Gli fa rivedere Emma e il suo bambino. E tutti e tre, riuniti, trascorrono gli ultimi giorni venati da sorrisi della loro vita. La giovane ebrea dice al biondo ufficiale ariano che non sarà più la sua amante ma piuttosto che è la moglie fedele di Bruno, però ad entrambi gli uomini della sua vita rivela che riserverà per sempre un posto nel cuore. Poi ognuno al suo destino: Franz nell’esercito austriaco, il capitano Bruno nelle trincee italiane dove si conosce solo la morte, Emma nelle corsie ricavate in una chiesa, dove manca perfino il disinfettante.
Lo dice al generale Cadorna, in visita tra i feriti. E gi chiede pure quando finirà quella guerra insensata per i soldati italiani, mandati al macello per una ottusa strategia geopolitica e militare. Non ottiene risposta. Non la otterrà mai, anche quando andrà, con il figlio ormai maggiorenne, al Sacrario di Redipuglia, colosso bianco appena increspato dai nomi dei morti sul fronte.
Edoardo Purgatori
Una vicenda costruita con credibilità, quella credibilità alla quale ci hanno abituato le storie di guerra, nelle quali la logica quotidiana è superata dalla particolare sensibilità, dalla comprensione del dolore, dal cinismo prodotti dal conflitto. La scrittura di Laura Ippoliti e Andrea Purgatori in collaborazione con Carlei ha poi un merito in più, che spesso è assente nei film-tv in più puntate: conferisce ai protagonisti e a tutte le facce di contorno un eloquio stringato, senza sbavature, senza retorica. Ne sortisce lo stesso benefico effetto che si trova ormai raramente nella letteratura scarna di aggettivi, in quei romanzi che non si intestardiscono a spiegare tutto con le parole.

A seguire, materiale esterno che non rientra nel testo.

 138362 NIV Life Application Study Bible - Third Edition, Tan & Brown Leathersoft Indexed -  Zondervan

Una sceneggiatura così concepita è funzionale alla regia che gioca spesso sui primissimi piani, su quegli sguardi che esprimono lo sfacelo di una generazione anelante a vivere. E che è espressa con la massima efficacia dai protagonisti, soprattutto dal Bruno di Filippo Scicchitano (l’impertinente adolescente rivelato al pubblico cinque anni fa da “Scialla!” di Francesco Bruni) e da Caterina Shulha, l’attrice e modella bielorussa che abbiamo visto in tv tra gli altri ne I Cesaroni, in Che Dio ci aiuti e in Squadra antimafia 8- il ritorno del boss.
L’altro del terzetto è un bravo Alan Cappelli Goez, visto tra l’altro in Tutti pazzi per amore e che qui deve sostenere il ruolo forse più arduo, venato com’è di apparente ambiguità e di impossibilità di reagire al forsennato padre. Meno convincente per certe smorfie di troppo mentre compulsa le carte geografiche il Cadorna di Massimo Popolizio, mentre è emozionante l’interpretazione di Alessandro Sperduti, irredentista fino al sacrificio, e si segnala quella di Edoardo Purgatori, commilitone di Bruno e come Sperduti proveniente da “Un medico in famiglia”.

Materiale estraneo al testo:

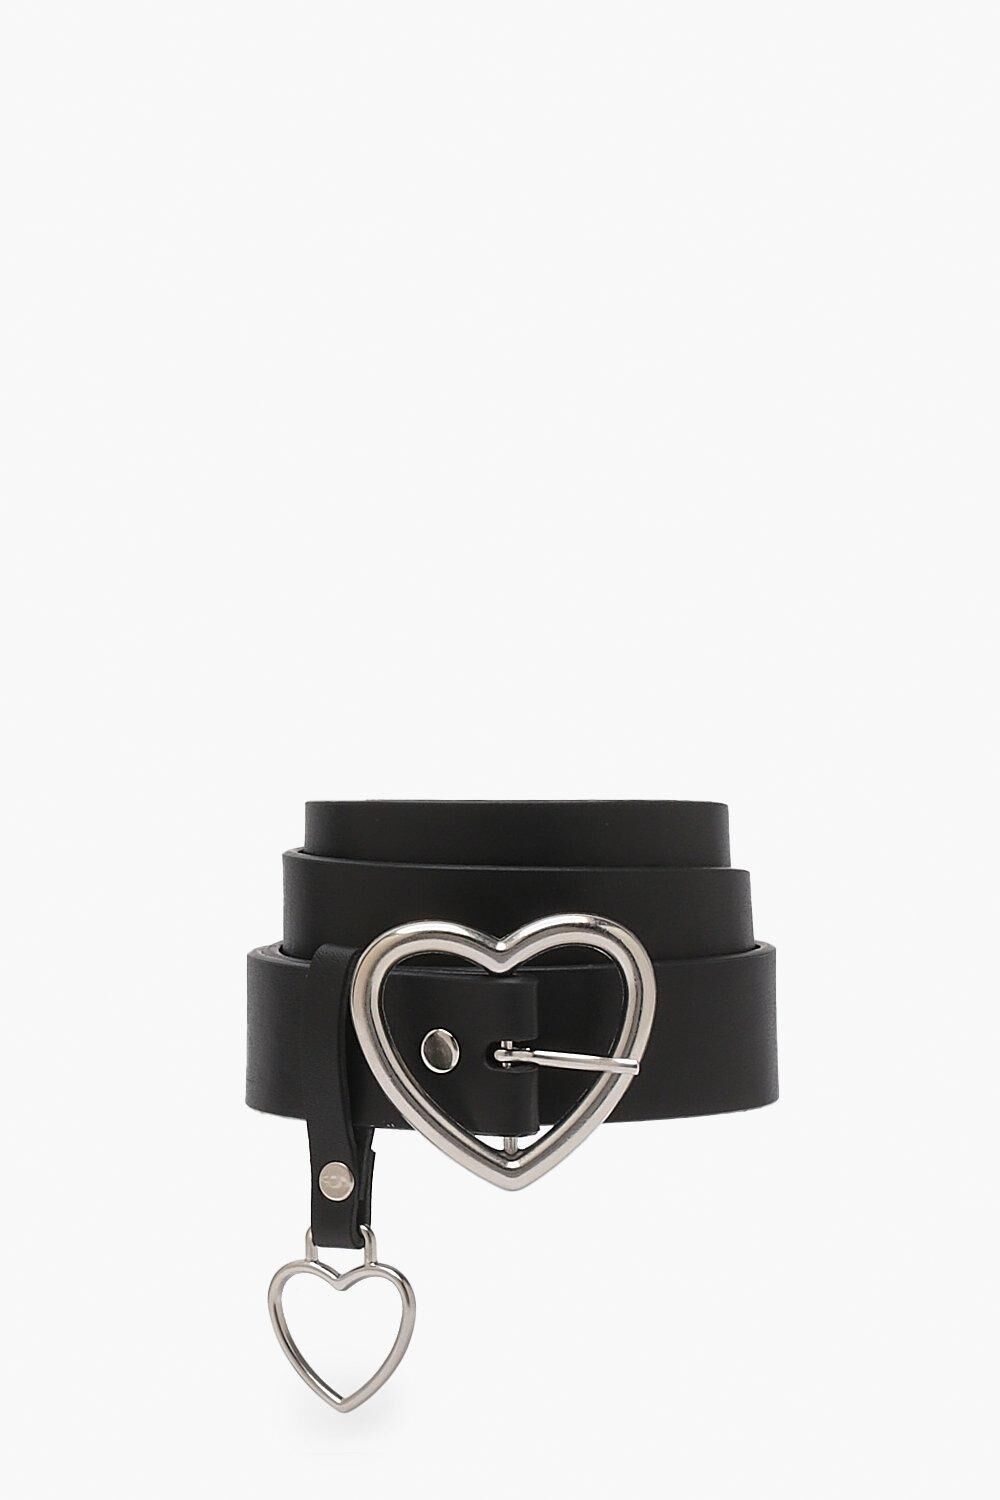 Boohoo Heart Buckle And Charm Detail Belt- Black  - Size: ONE SIZE

Ambientazione, costumi, scenografia sono sontuosi, irreprensibili le scene di battaglia e quel loro inquadrare dall’alto i corpi inermi dei soldati sparsi sulle pietraie del Carso. Se c’è un appunto da fare alla regia è l’uso del ralenty in alcune scene acme del plot. Un espediente abusato e scontato che banalizza la forza della narrazione.